La relation aux autres concerne : lʼestime des autres (Maslow), la reconnaissance de
lʼaccomplissement (Herzberg), la justice et lʼéquité par rapport à ses pairs (Adams), le
feedback (théorie de la fixation des objectifs) ;
La relation à soi-même concerne : lʼestime de soi (Maslow), le sentiment dʼaccomplissement,
la progression individuelle et responsabilité (Herzberg), le sentiment dʼautodétermination
(théorie de lʼautodétermination), la perception du résultat atteint grâce à lʼeffort fourni (théorie
des attentes).
En conséquence, pour stimuler la motivation, les processus clés de la gestion des
ressources humaines sont : lʼévaluation, le développement des compétences et la
gestion des carrières.
Lʼévaluation permet de développer lʼestime de soi et de témoigner de lʼestime des autres.
Elle est un outil de feedback.
Le développement des compétences permet à lʼindividu dʼaméliorer sa performance, de
développer ses capacités professionnelles, son expertise et par conséquent son estime de
lui-même ainsi que lʼestime des autres. Ainsi, développer les compétences du personnel est
positif à la fois pour lʼorganisation (amélioration de la compétence et de la performance du
personnel) et pour les individus.
Enfin, la gestion des carrières conduit, par les opportunités professionnelles offertes aux
salariés compétents/ performants, de motiver par lʼestime de soi, par la reconnaissance de
lʼaccomplissement, par lʼaccroissement du sentiment dʼautodétermination, etc.

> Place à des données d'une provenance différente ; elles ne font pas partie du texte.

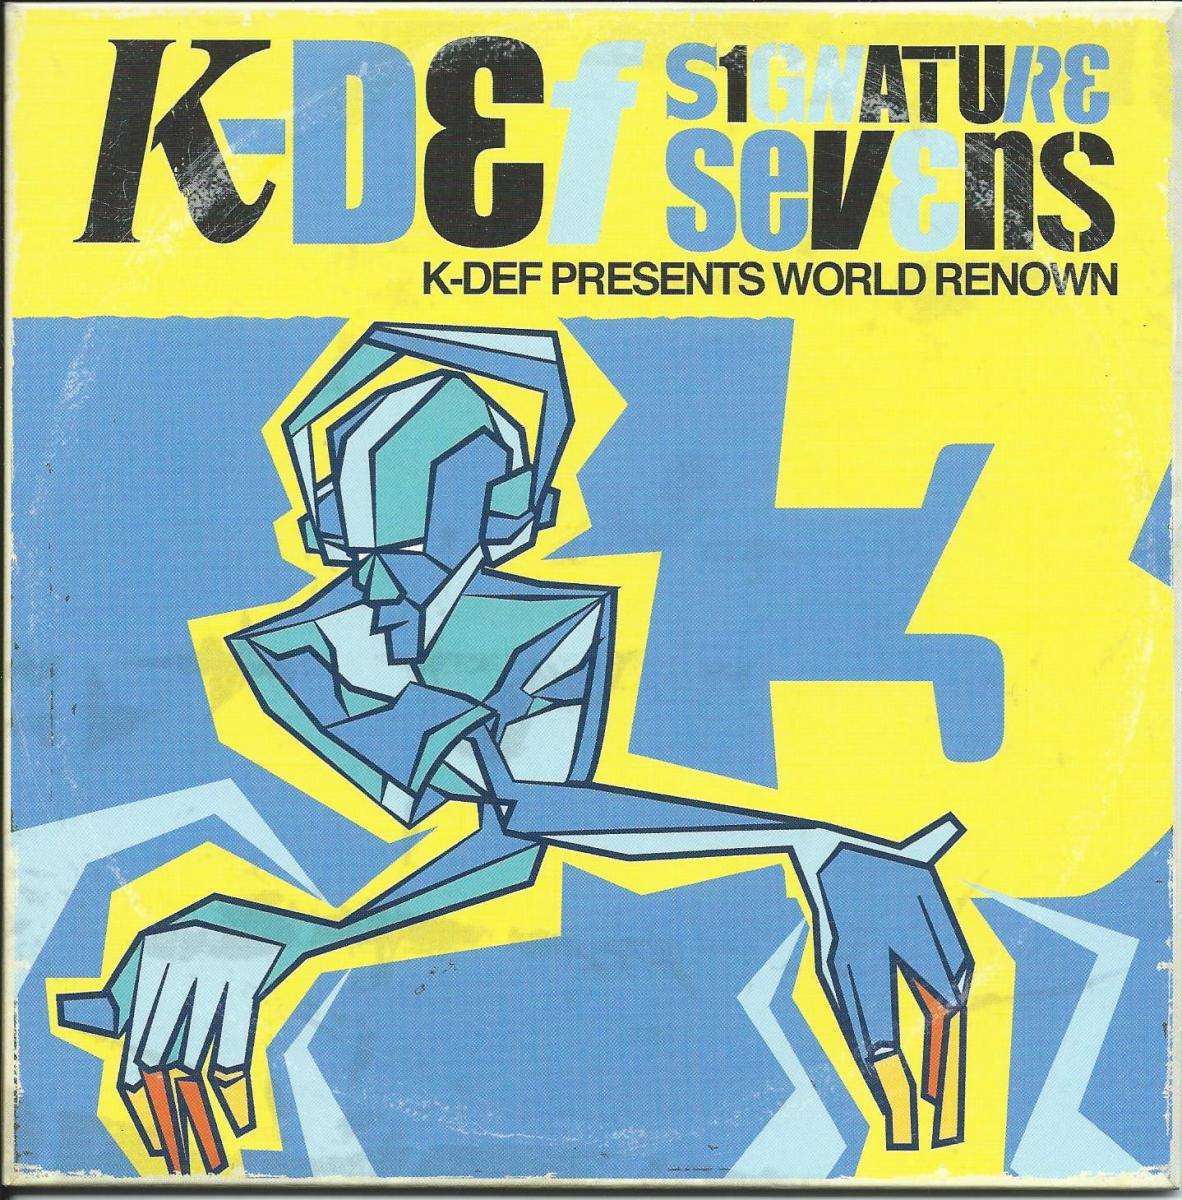 K-DEF PRESENTS WORLD RENOWN / LONG GEV (SIGNATURE SEVENS VOL.3) (7

La motivation dépend largement du management. Le manager fixe les objectifs, évalue le
travail, fournit le feedback, fait parfois évoluer le contenu dʼun poste et joue ainsi un rôle clé
dans la motivation de ses subordonnés. Bien que lié à plusieurs égards à la gestion des
ressources humaines, le management nʼappartient pas à la gestion des ressources
humaines.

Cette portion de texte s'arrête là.